Read first: specs/sdd-mvp/04-agent-pipeline.md, specs/sdd-mvp/07-document-pipeline.md, specs/sdd-mvp/05-ehr-builder.md

Context & Goal

Wire the complete auto-chain: when a document is uploaded and parsed, the Clinical Context Agent automatically triggers, extracts entities, creates FHIR resources, updates the Neo4j graph, indexes in Qdrant, and updates the EHR — all async, non-blocking, with SSE status updates at each step.

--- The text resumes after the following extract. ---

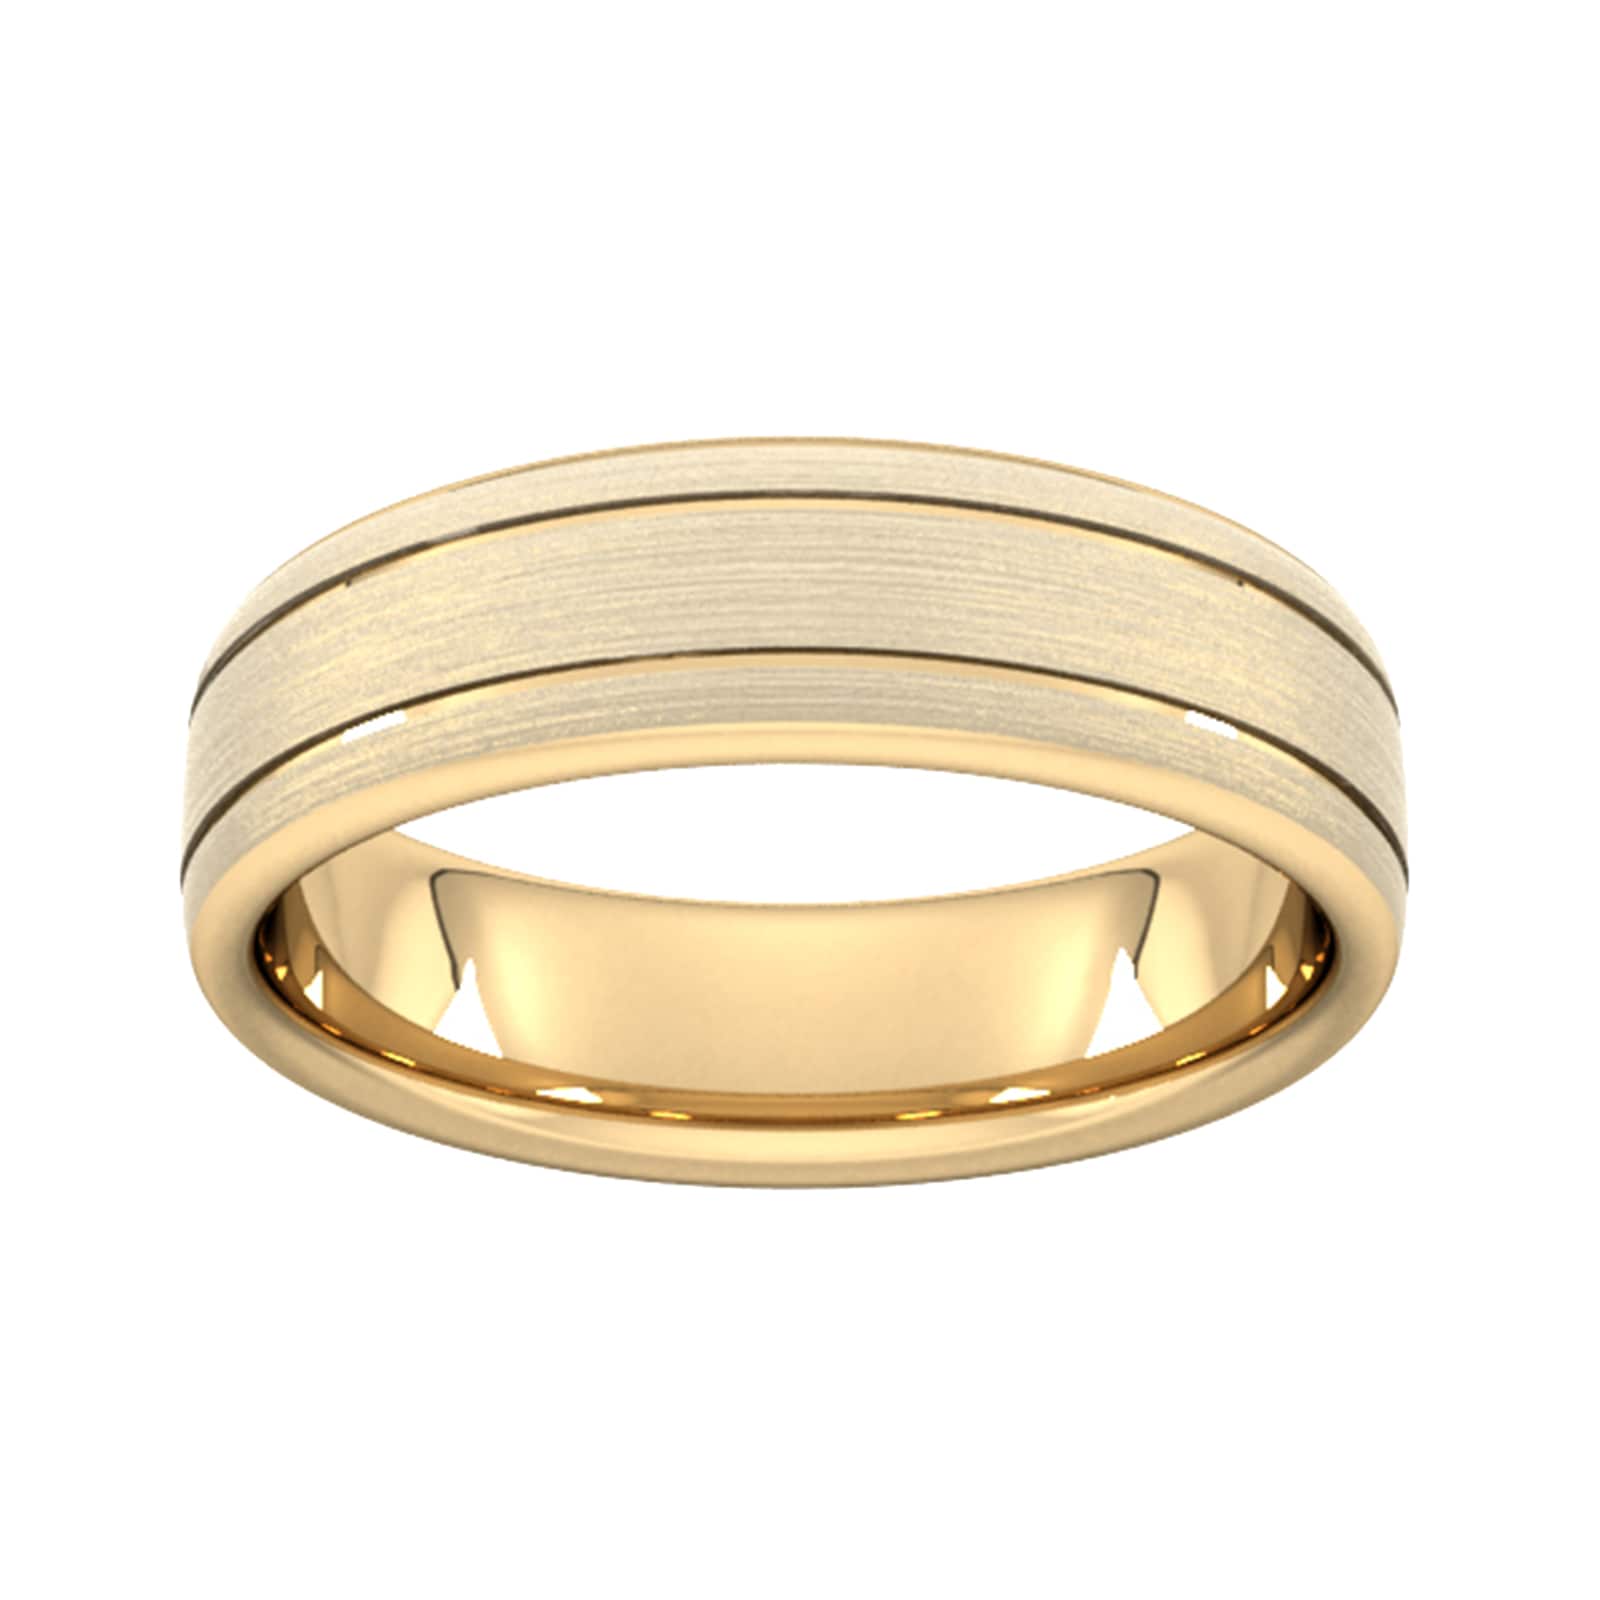 6mm Slight Court Standard Matt Finish With Double Grooves Wedding Ring In 9 Carat Yellow Gold - Ring Size S

Backend (curaway-ai/curaway-backend)

Step 1: Verify Document Upload Pipeline

Ensure the existing upload pipeline emits correct events: - POST /uploads/confirm → creates document_reference (status: uploaded) → emits document_uploaded - QStash handler receives callback → runs PyMuPDF → updates status to parsed → emits document_parsed - If PyMuPDF fails → try Unstructured.io → try Claude Vision → status failed if all fail

Step 2: Auto-Chain Trigger

In QStash document parse handler (or as a new QStash callback): - On document_parsed event, check if extracted_text has clinical content (> 100 chars, not just headers) - If clinical content: dispatch Clinical Context Agent via QStash (non-blocking) - Update document analysis_status to analyzing - Emit document_analyzing event (SSE: status update)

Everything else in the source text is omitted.